Dairy-Free Frozen Peach Cream Pie is no-bake and requires just seven ingredients, resulting in a creamy peach and banana filling that sits on top of an easy grain-free almond crust!


Ingredients

For the almond crust:

  • 3/4 cup almonds, natural and whole
  • 3/4 cup dates, pitted and whole
  • 3 tablespoons almond butter, natural and unsalted
  • 2 tablespoons maple syrup

For the peach filling:

  • 3 cups frozen banana chunks
  • 2 cups frozen peach slices (skins removed)
  • 1/4 cup natural cashew butter
  • 1 tablespoon maple syrup

Optional toppings:

  • Fresh peach slices
  • Fresh raspberries or blueberries
  • Honey
  • Granola
  • Coconut cream

Instructions

  1. Prepare crust: In a food processor, add the almonds, dates, almond butter and maple syrup, and process until a crumbly mixture forms but easily sticks together between your fingers. If it doesn’t stick, just add another drizzle of maple syrup.
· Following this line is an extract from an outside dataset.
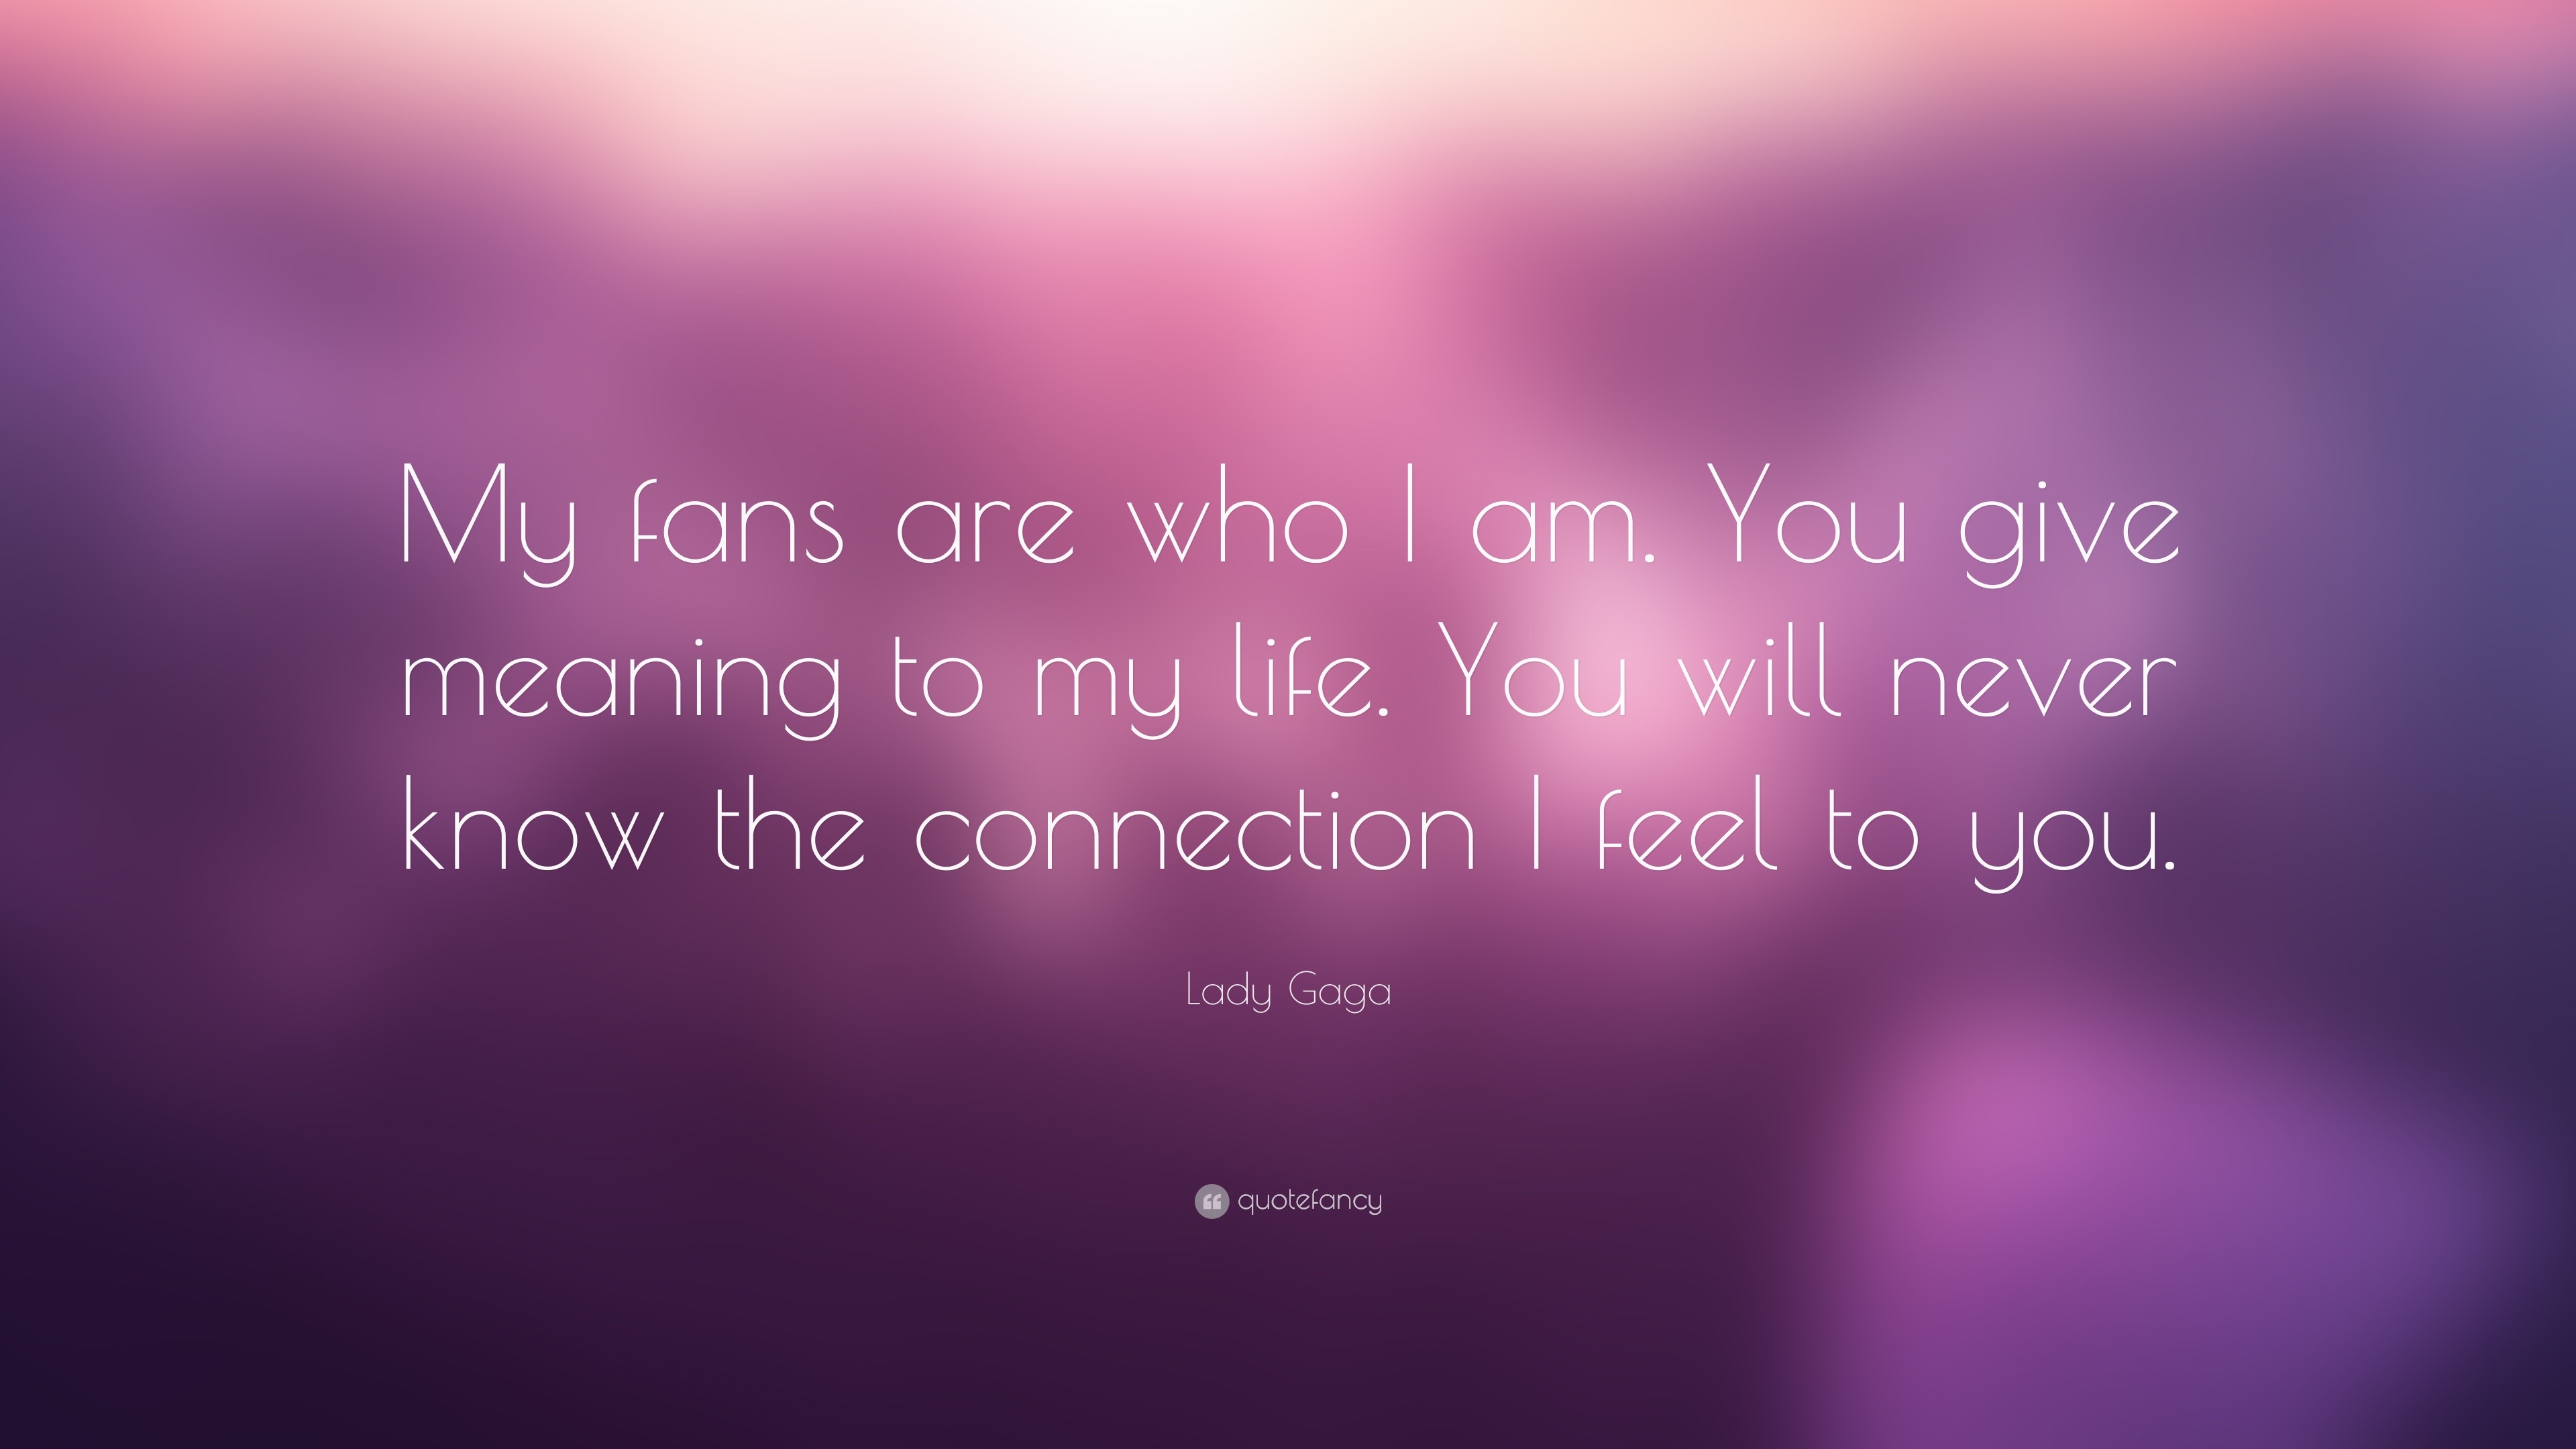 Lady Gaga Quote “My fans are who I am You give meaning to

Press into a 9-inch tart pan or pie plate.
  2. Prepare filling: Wipe out the food processor and add the bananas, peaches, cashew butter and maple syrup. Process on high until the mixture is thick and creamy. This will take a few minutes and you will need to stop a few times to stir the mixture and scrape down the sides. Pour the peach filling onto the prepared crust. Smooth out the top and place in the freezer for 4-5 hours to set up.
  3. Serving and storing pie: Remove from freezer 10-15 minutes before serving and let sit at room temperature before slicing. Serve with fresh peach slices, berries, honey, granola and/or coconut cream. Store any leftover slices (without fresh fruit topping) in the freezer.

Notes

  1. If you don’t have a powerful food processor or blender, you can make the peach filling in two batches. Just keep the first batch in the freezer while you make the second. You can also add a little bit of almond or coconut milk to the fruit mixture to loosen it up, but the more liquid you add, the icier the filling will get.
  2. I used cashew butter in the peach filling to add a creamy texture without an overpowering taste or colour. You can use almond butter, but it may add a brown tint to your filling.
  3. To make life easier, I’ve used frozen peaches in this recipe, but you can use fresh peaches. Just peel and slice your fresh peaches and arrange in a single layer on a baking sheet that’s lined with parchment or wax paper. Place in the freezer for a few hours until the slices are frozen.
  4. The crust and peach filling are already vegan, so if you want to keep this peach pie recipe vegan, just forego the drizzle of honey on top, and make sure any cream you serve on the side is vegan, such as coconut cream.